How AI Evaluation Results Flow Into TestRail

AI Application

→

Evaluation Tool
Langfuse, Promptfoo, DeepEval, etc.

→

Human Review
or
LLM Judge

→

TestRail
AI Evaluation Results

Why Integrate AI Evaluations with TestRail?

AI evaluation platforms are excellent at generating scores, traces, and benchmark results, but they typically aren’t designed to manage test cases or broader testing workflows.

By bringing evaluation results into TestRail, teams can connect AI quality signals with the structured testing processes they already use to manage software quality.

Benefits include:

Associate evaluation results with test cases to create a repeatable and organized AI testing process.
Track coverage across prompts, scenarios, and use cases rather than evaluating outputs in isolation.
Combine manual testing, automation, and AI evaluations within the same test suites and test plans.
Compare models, prompts, agents, and evaluation strategies using a consistent testing framework.
Maintain a historical record of evaluation outcomes linked to specific tests, releases, and milestones.
Support both human reviews and LLM-as-a-Judge workflows without creating separate reporting processes.
Use existing TestRail dashboards and reports to monitor quality trends and identify regressions over time.

Flexible by Design

Because integrations are built using TestRail APIs, teams can connect virtually any AI observability or evaluation platform.

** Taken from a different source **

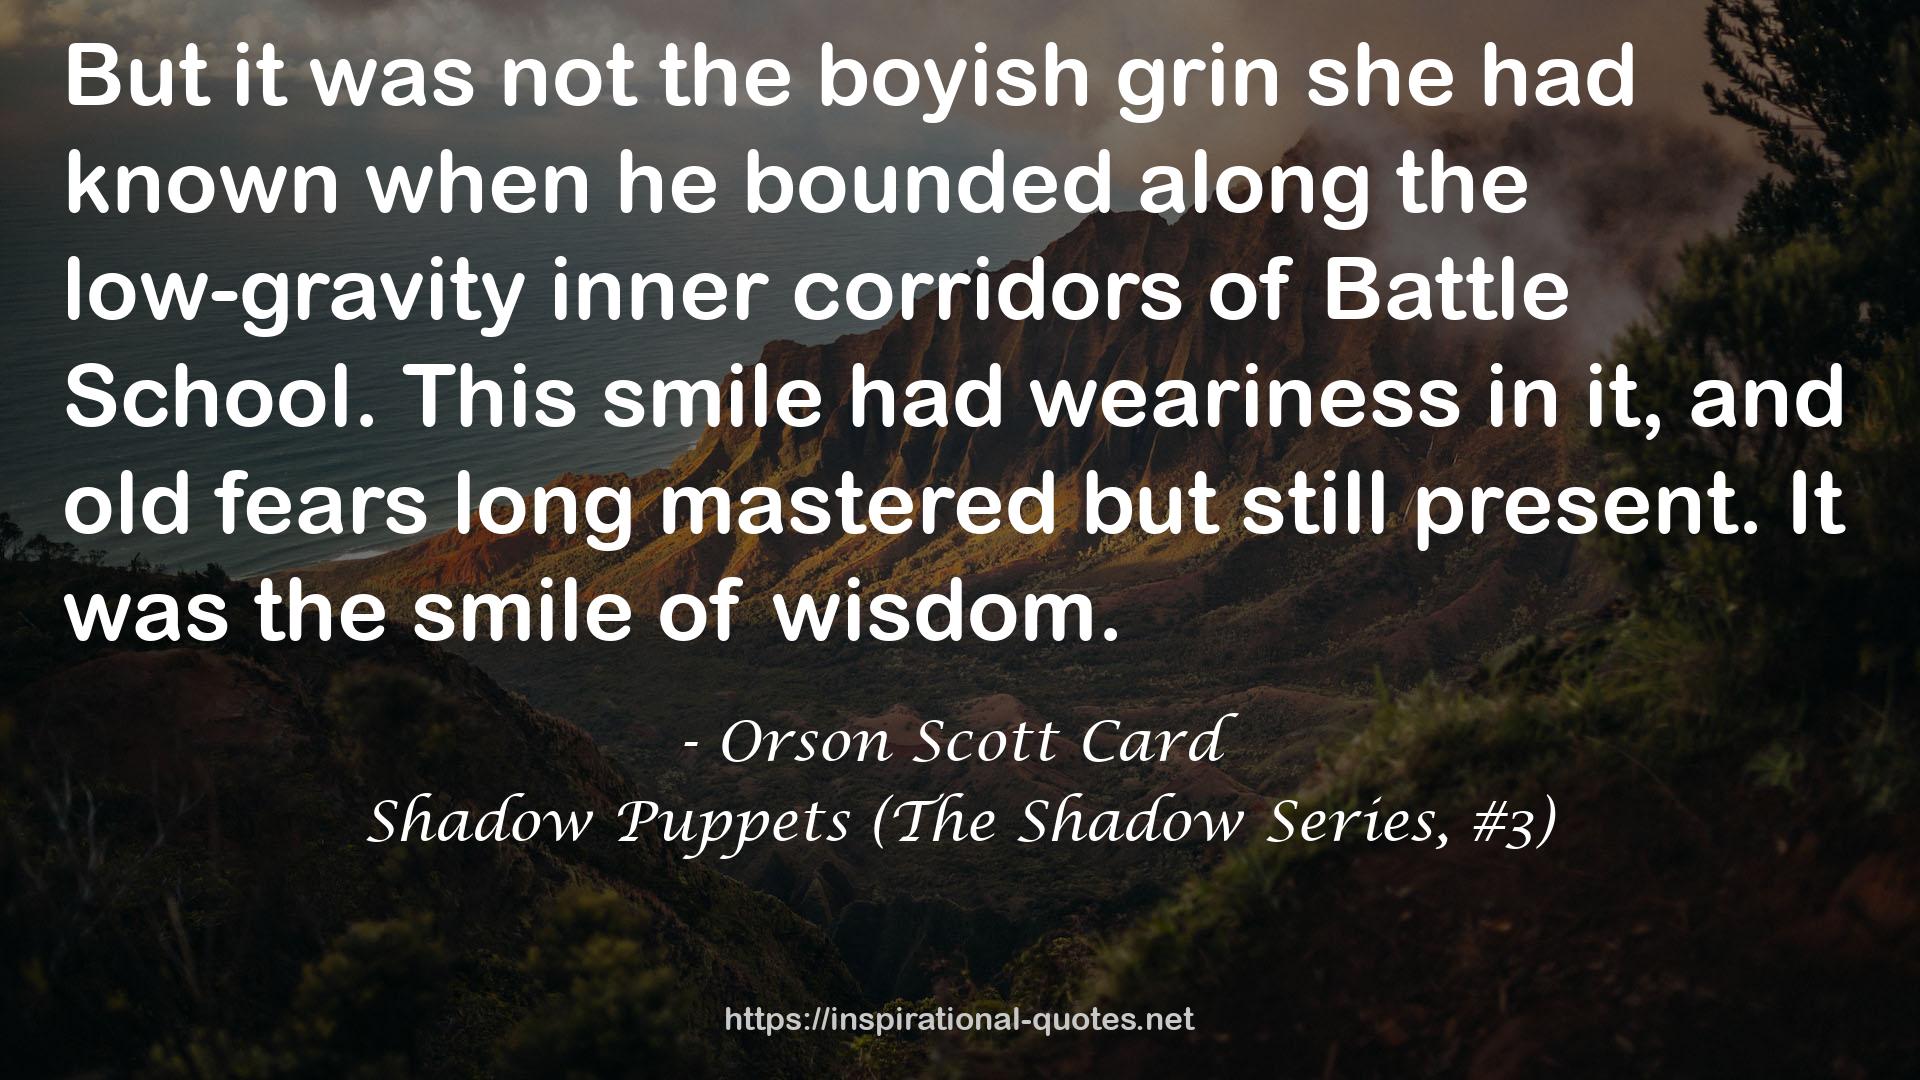 Shadow Puppets (The Shadow Series, #3) QUOTES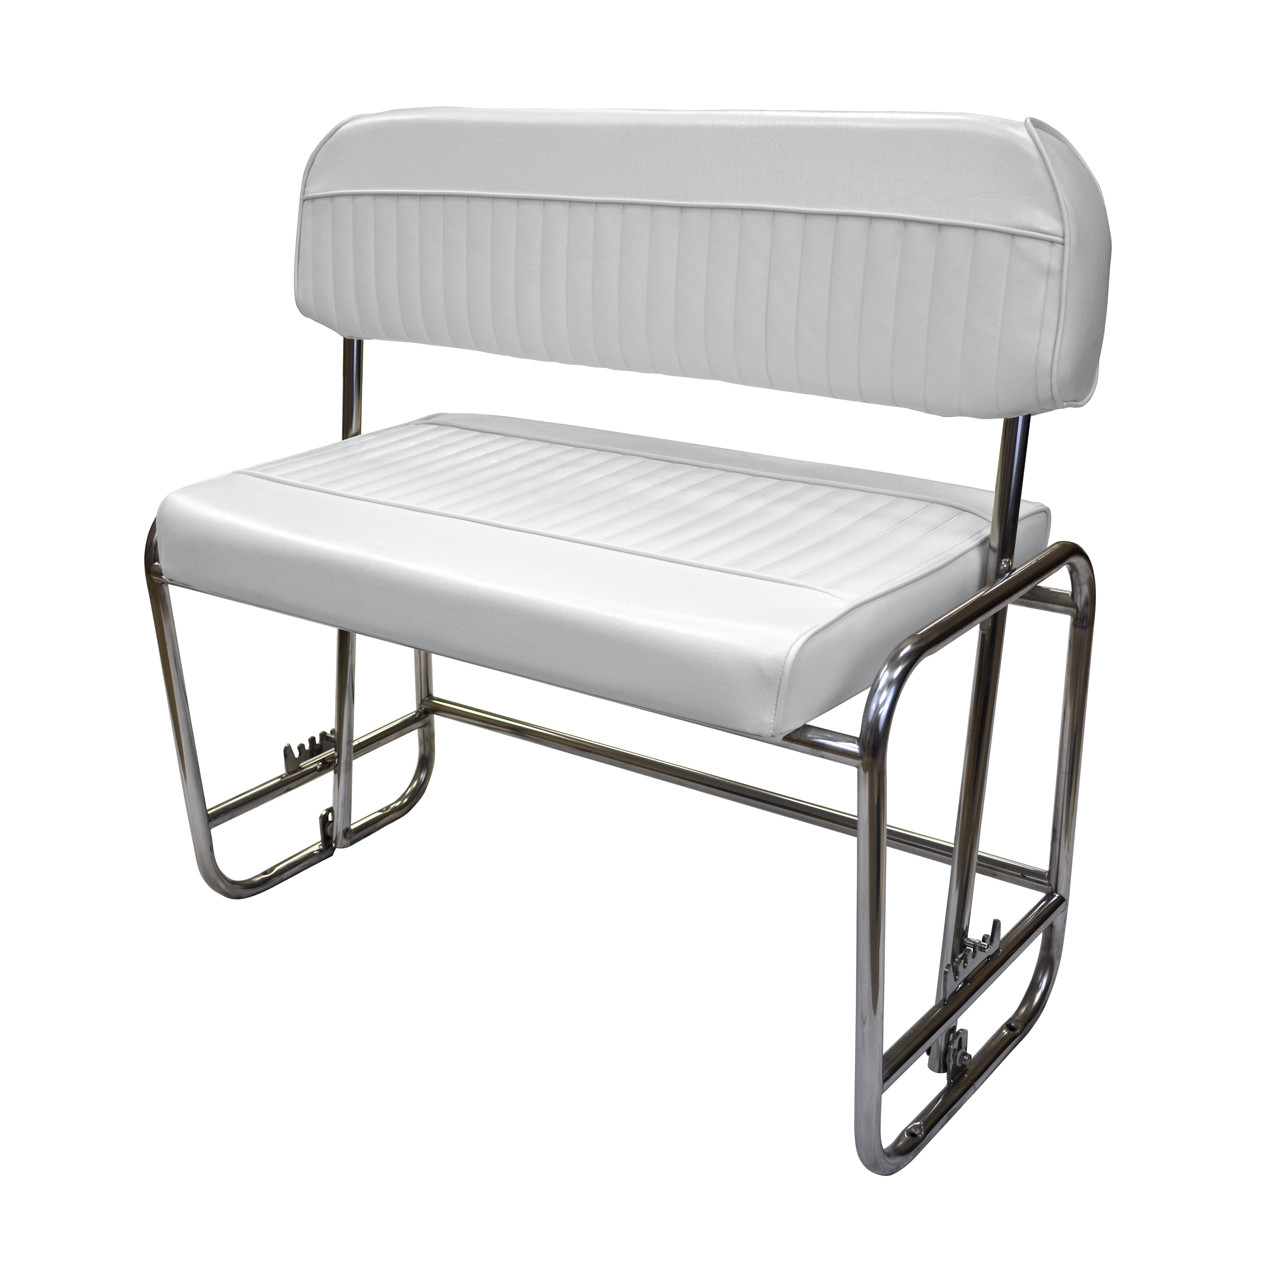 Wise Boat Cooler Seat - Swingback Frame WD155P

Whether results come from Langfuse traces, Promptfoo benchmarks, DeepEval metrics, OpenAI Evals, human reviewers, or proprietary evaluation systems, the integration pattern remains the same:

Execute a test scenario.
Generate evaluation results.
Push the results into TestRail.
Track outcomes alongside your existing test cases, test suites, and release activities.

The result is a more structured approach to AI quality where evaluation results are no longer disconnected from the test cases they relate to, making it easier to measure coverage, track quality over time, and manage AI testing as part of the broader software delivery process.